In [7]:
import requests
import json
import pandas as pd
import altair as alt

# Final Project Exploratory Visualization: Bureau of Labor Statistics Data
**Steven Hewitt - UC Berkeley MIDS W209 - 06/18/2022**

The primary purpose for selecting the BLS dataset is to explore inflation as measured by the CPI-U. This index can be used to show how the price of goods has changed over time. There are many different individual products and services that factor into the CPI-U calculation based on a weights that the BLS changes over time. My goal for this exploratory visualization is to focus on some of the market sectors that contribute at least 2% to the CPI-U (based on 2021 weights), and then highlight the differences in the rate of price changes by sector. I will focus on the time period from 2000 to 2021.

In [2]:
# Import list of targeted CPI-U cateogires.
targets = pd.read_excel("Targets.xlsx", header=0)
targets

Unnamed: 0,Category,CPI-U Weight,Series ID
0,Food,13.37,CUSR0000SAF1
1,Shelter,32.946,CUSR0000SAH1
2,Apparel,2.458,CUSR0000SAA
3,Medical care,8.487,CUSR0000SAM
4,Education,2.677,CUSR0000SAE1
5,New and used motor vehicles,9.218,CUSR0000SETA
6,Energy,7.348,CUSR0000SA0E
7,Recreation,5.108,CUSR0000SAR
8,Communication,3.728,CUSR0000SAE2


These target sectors impact all areas of daily life. Food, shelter, and apparel are the basic means of survival. Medical care and eductaion are key services that promote class mobility. Motor vehicles and energy allow people the geographic mobility that gives them flexibility in where they live, work, and shop. Recreation and communication are quality-of-life concerns chosen for their relatively high CPI weights.

The following cells show how to get data from the API, prepare it for future graphing use, and save a backup of the data.

In [3]:
def API_call(series_ids, start_year, end_year):
    '''
    Calls the BLS API to return data. Returns a DataFrame with the combined results.
    '''
    
    # Build message to send to API.
    headers = {'Content-type': 'application/json'}
    data = json.dumps({"seriesid": series_ids,"startyear":start_year, "endyear":end_year})
    p = requests.post('https://api.bls.gov/publicAPI/v2/timeseries/data/', data=data, headers=headers)

    # Parse results.
    j = json.loads(p.text)
    dfs = []
    for x in range(0,len(j["Results"]['series'])):
        t_df = pd.DataFrame(j["Results"]['series'][x]['data'])
        t_df['series'] = j["Results"]['series'][x]['seriesID']
        dfs.append(t_df)
    df = pd.concat(dfs)
    
    return df

In [20]:
# Get a list of series IDs.
series = [s for s in targets['Series ID']]

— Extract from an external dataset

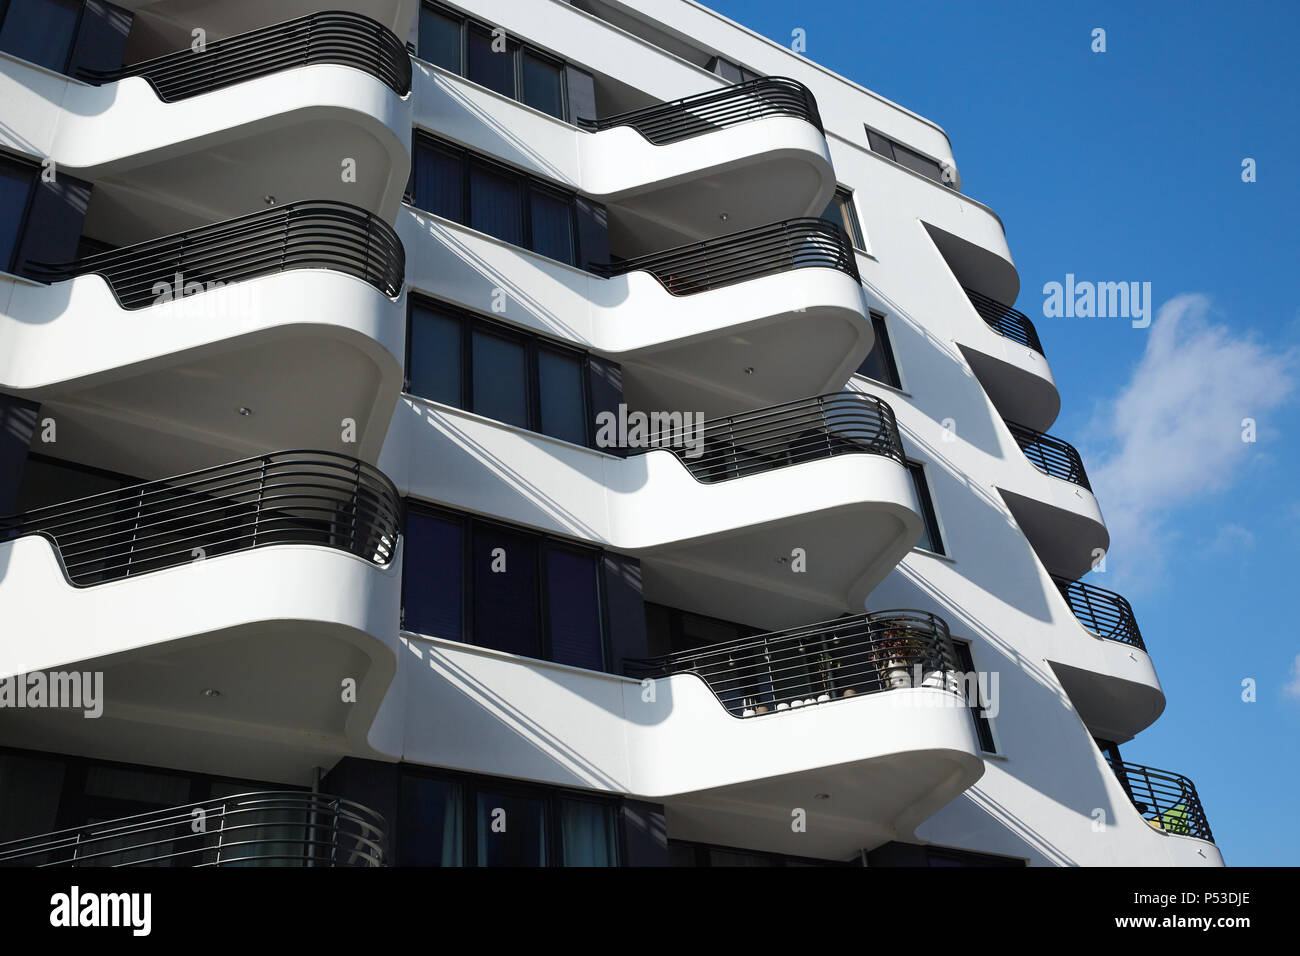 Berlino, Germania - Dettaglio della facciata di un edificio residenziale con avant-garde architettura a Berlino-Friedrichshain. Foto Stock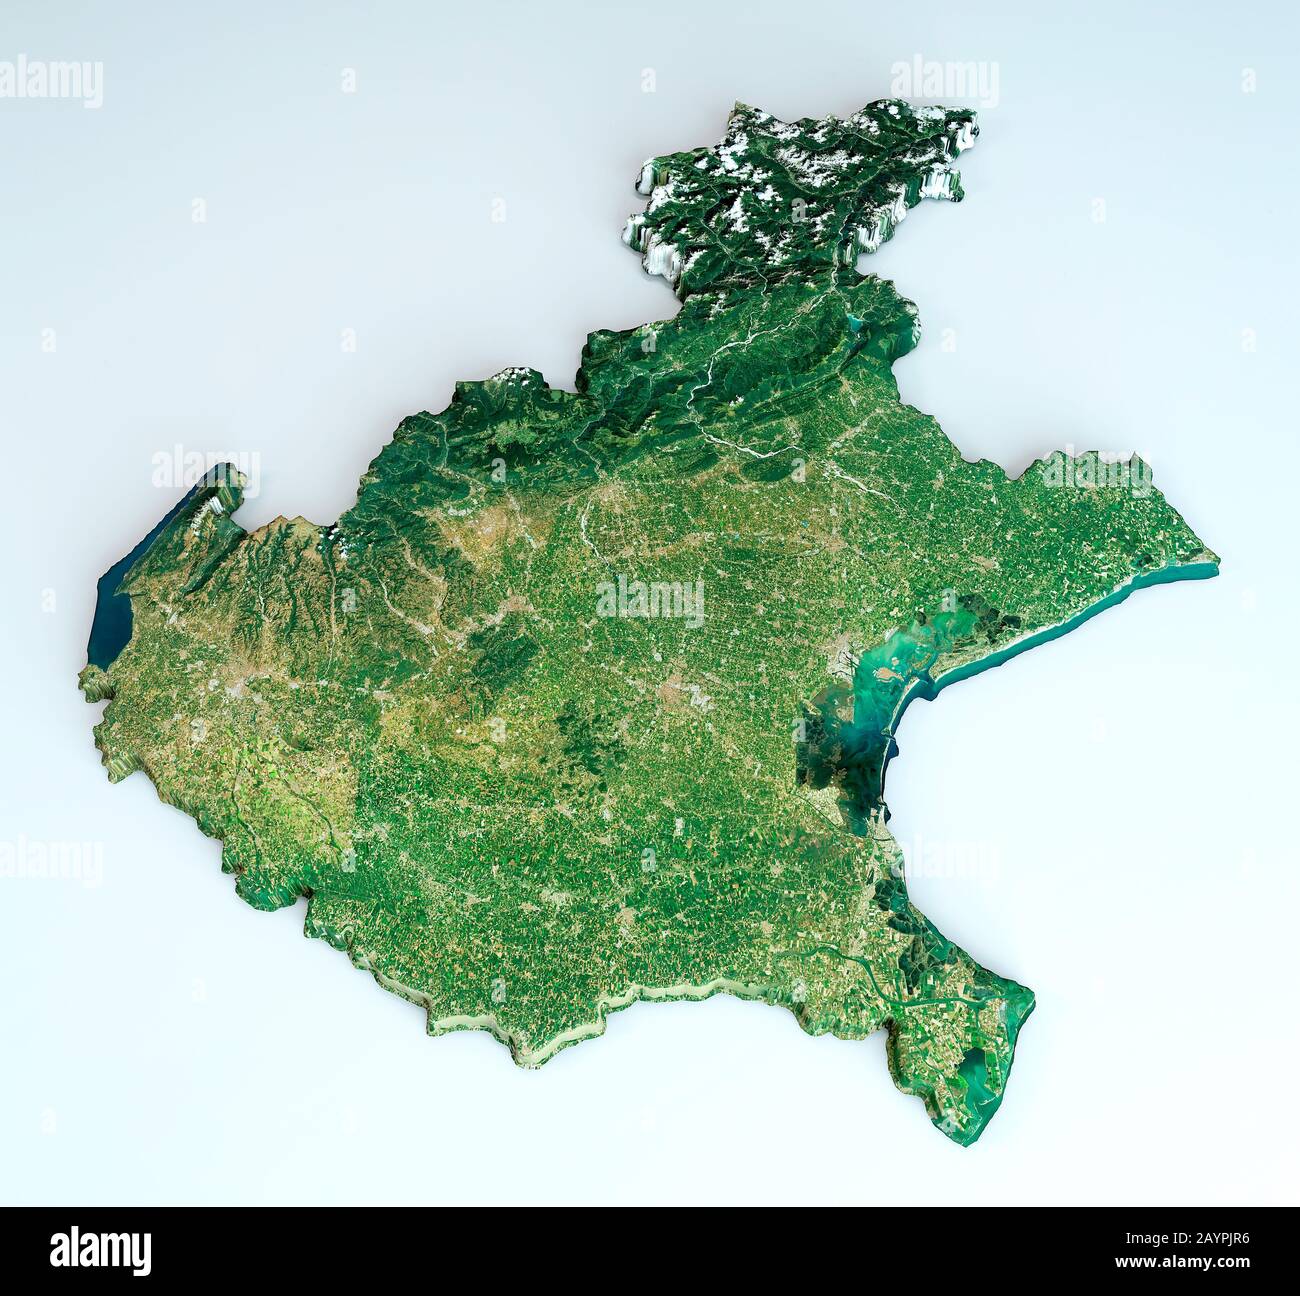 Veneto region map immagini e fotografie stock ad alta risoluzione - Alamy

# The API limits requests to spans of 10 years, so I will need to send multiple requests.
year_ranges = [(2000,2009),(2010,2019),(2020,2021)]

# Send API requests and combine into a single DataFrame
df = pd.concat([API_call(series, year_ranges[x][0], year_ranges[x][1]) for x in range(0,3)])

In [80]:
# Merge series names into results from API pull.
series_names = targets.set_index('Series ID').to_dict()['Category']
df['Category'] = df['series'].map(series_names)

# Convert month and year to a datetime column.
df['date'] = pd.to_datetime(df.year.astype(str) + '/' + df.period.str[1:] + '/01')

In [5]:
# Make sure values are stored as numbers and not as strings.
df.value = df.value.astype(float)

# Save DataFrame as pickle just in case.
df.to_pickle("backup_data.pkl")

# Load DataFrame from pickle.
#df = pd.read_pickle("backup_data.pkl")

# Check to see that format looks correct.
df.head()

Unnamed: 0,year,period,periodName,value,footnotes,series,Category,date
0,2009,M12,December,217.904,[{}],CUSR0000SAF1,Food,2009-12-01
1,2009,M11,November,217.581,[{}],CUSR0000SAF1,Food,2009-11-01
2,2009,M10,October,217.452,[{}],CUSR0000SAF1,Food,2009-10-01
3,2009,M09,September,217.258,[{}],CUSR0000SAF1,Food,2009-09-01
4,2009,M08,August,217.376,[{}],CUSR0000SAF1,Food,2009-08-01


## Hypotheses to Explore:
##### 1 - Shelter prices have increased more rapidly than any of my other target categories since 2010.
##### 2 - Energy prices fluctuate more than my other target categories and will therefore have more periods of negative inflation than all of the other categories combined.
##### 3 - Medical care inflation will be more rapid from 2019-2021 than at any other two-year period from 2000-2021, possibly due to the COVID-19 pandemic.

<HR>

Following exploration, I want to highlight my process with energy prices first before moving on to the other hypotheses.

<HR>
    
### Hypothesis: Energy prices fluctuate more than my other target categories and will therefore have more periods of negative inflation than all of the other categories combined.

In [8]:
# Shortening a category name based on other questions worked.
df['Category'].replace({'New and used motor vehicles':'Motor vehicles'}, inplace=True)

# First chart - raw data by category.
alt.Chart(df[['date','value','Category']],).mark_line().encode(
    x = 'date',
    y = 'value',
    color = 'Category'
)

**What's informative about this view:** This first chart definitively shows the fluctuations in energy prices, supporting my hypothesis. 

**What could be improved about this view:** To better align this chart with the task at hand, I want to change the units. Month-over-month or year-over-year percentage changes might better illustrate the point.

In [9]:
# There are multiple ways to get this data in order. These are a few different techniques.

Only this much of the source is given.